HOW TO COMPLETE THIS TASK - Copy out nothing but the line containing "A BART train" and the lines that follow it to the end of the entries, exactly as they stand.
#### DATA FOR REVIEW
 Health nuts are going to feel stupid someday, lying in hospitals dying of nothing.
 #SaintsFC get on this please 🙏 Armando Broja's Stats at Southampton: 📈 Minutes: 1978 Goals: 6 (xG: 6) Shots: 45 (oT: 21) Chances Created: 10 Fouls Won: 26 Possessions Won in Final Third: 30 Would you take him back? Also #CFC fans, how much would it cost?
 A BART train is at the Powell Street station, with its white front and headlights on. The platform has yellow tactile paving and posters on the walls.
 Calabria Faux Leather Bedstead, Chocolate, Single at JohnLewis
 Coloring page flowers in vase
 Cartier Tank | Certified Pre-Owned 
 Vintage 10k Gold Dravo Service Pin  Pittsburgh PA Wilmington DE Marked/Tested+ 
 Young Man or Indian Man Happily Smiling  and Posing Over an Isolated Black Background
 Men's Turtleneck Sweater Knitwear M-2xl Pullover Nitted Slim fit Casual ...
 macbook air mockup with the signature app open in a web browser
########
COMPLETED EXERCISE -
 A BART train is at the Powell Street station, with its white front and headlights on. The platform has yellow tactile paving and posters on the walls.
 Calabria Faux Leather Bedstead, Chocolate, Single at JohnLewis
 Coloring page flowers in vase
 Cartier Tank | Certified Pre-Owned 
 Vintage 10k Gold Dravo Service Pin  Pittsburgh PA Wilmington DE Marked/Tested+ 
 Young Man or Indian Man Happily Smiling  and Posing Over an Isolated Black Background
 Men's Turtleneck Sweater Knitwear M-2xl Pullover Nitted Slim fit Casual ...
 macbook air mockup with the signature app open in a web browser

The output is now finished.